Porringer Gray vs White Dove
Both are Benjamin Moore colors. Porringer Gray reads as blue-grey, while White Dove reads as beige-greige — two distinct hue families, not close cousins. At LRV 83 vs 57, White Dove will read as the brighter of the two — a 26-point gap that matters most in north-facing or low-light rooms. The tonal difference — Porringer Gray's blue character against White Dove's yellow — becomes most visible against white trim or in morning light. At ΔE 15.1, these are genuinely distinct colors — a strong contrast if used together, or a meaningful choice between two different directions. Below you'll find 2 real-room photo comparisons where both colors appear side by side, plus 5 simulated room previews.
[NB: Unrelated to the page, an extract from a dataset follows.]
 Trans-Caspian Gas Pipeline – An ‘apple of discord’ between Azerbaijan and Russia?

Porringer Gray vs White Dove in Real Spaces
2 real rooms side by side. Seeing Porringer Gray and White Dove in actual rooms makes the difference concrete; browse the spaces below to get a feel for how each color lives on a wall.
Bedroom
Bedroom walls are often seen under warm artificial light, a context that shifts both colors from how they look on a chip. The LRV gap is large enough that White Dove will make the room feel meaningfully brighter than Porringer Gray would.
Kitchen Cabinets
On cabinetry, undertone and temperature become more pronounced against countertops and hardware. The LRV gap is large enough that White Dove will make the room feel meaningfully brighter than Porringer Gray would.
Color Details
Porringer Gray vs White Dove Simulated Comparison
5 simulated room previews — drag the slider on each to see Porringer Gray on one side and White Dove on the other.
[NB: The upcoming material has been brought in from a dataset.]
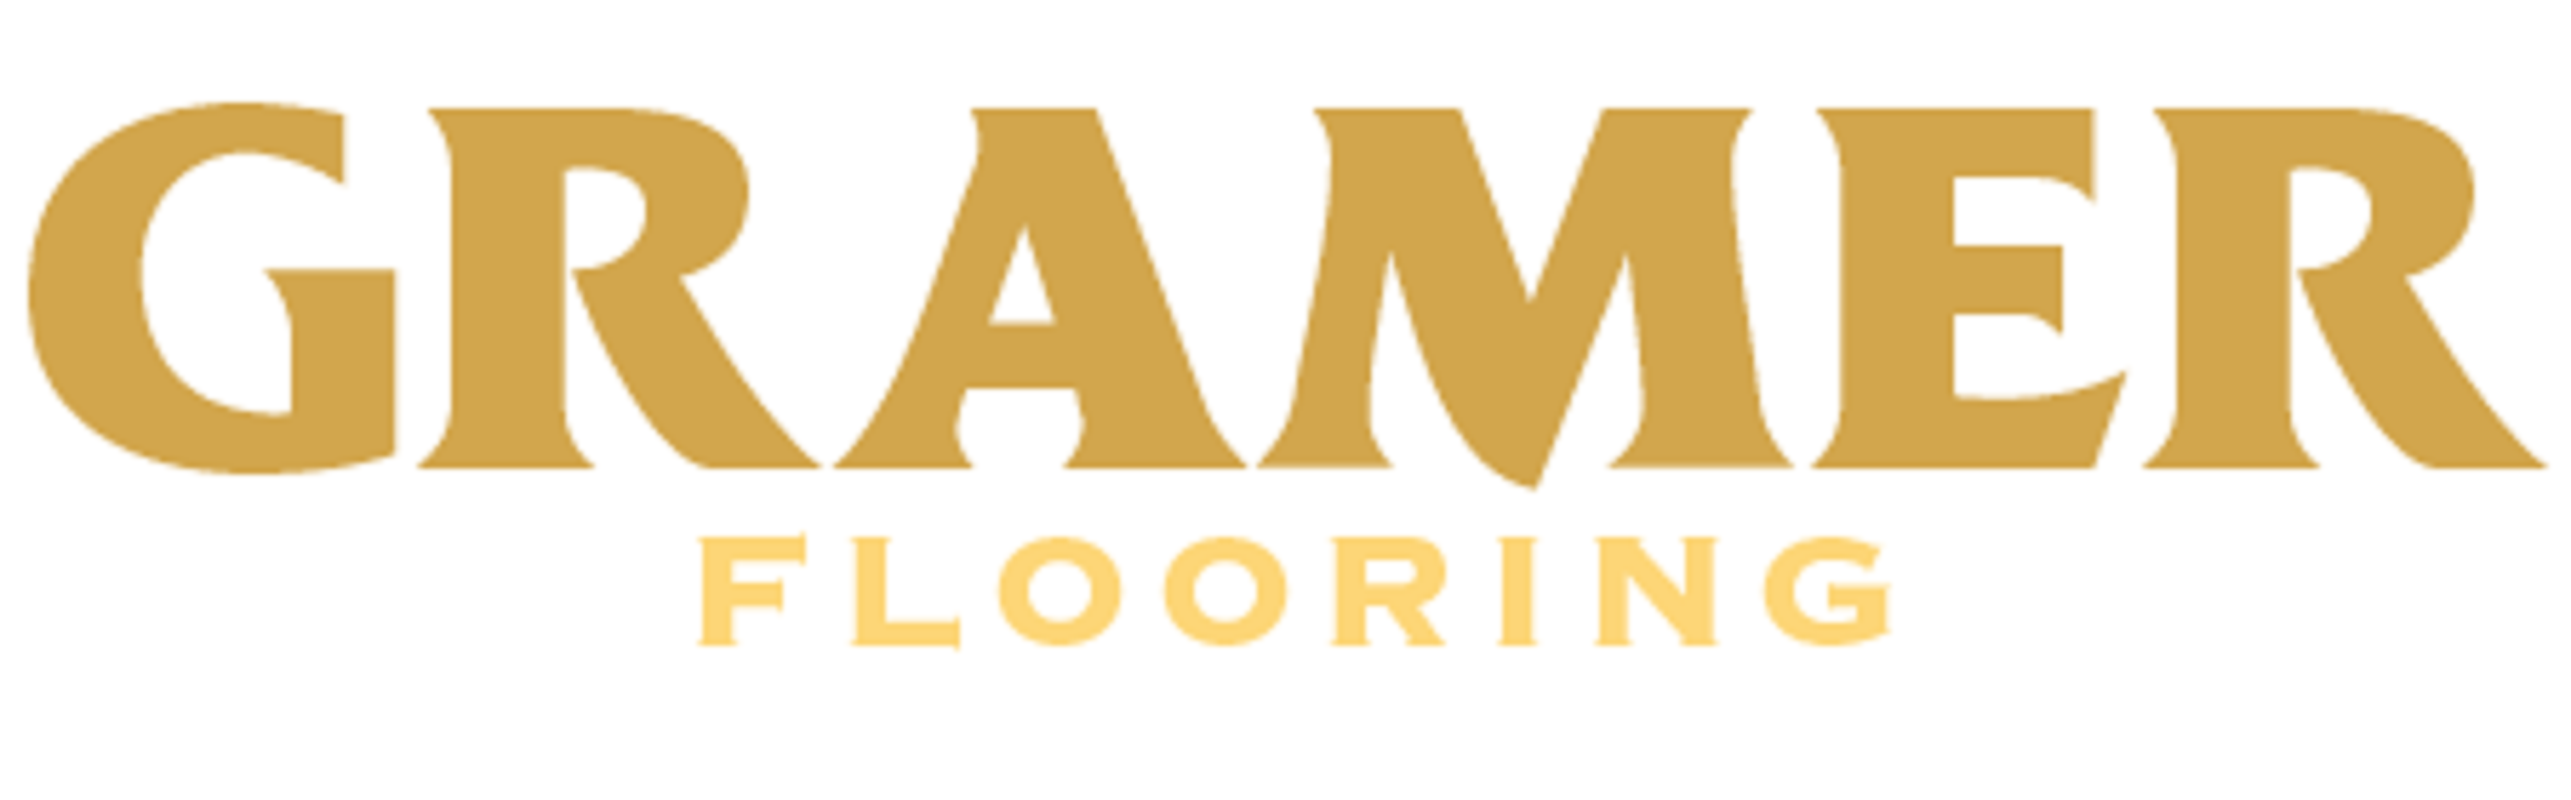 Hardwood Floor Installation Refinishing and Repair Cincinnati

Digital color is approximate. These simulations are generated from the manufacturer's hex values and overlaid on grayscale room photos — your screen's calibration, brightness, and viewing angle all affect how they render. Before committing to either color, test physical samples in your own space under the light you actually live with.
More Porringer Gray comparisons
See how Porringer Gray stacks up against other well-photographed colors across different brands and tones.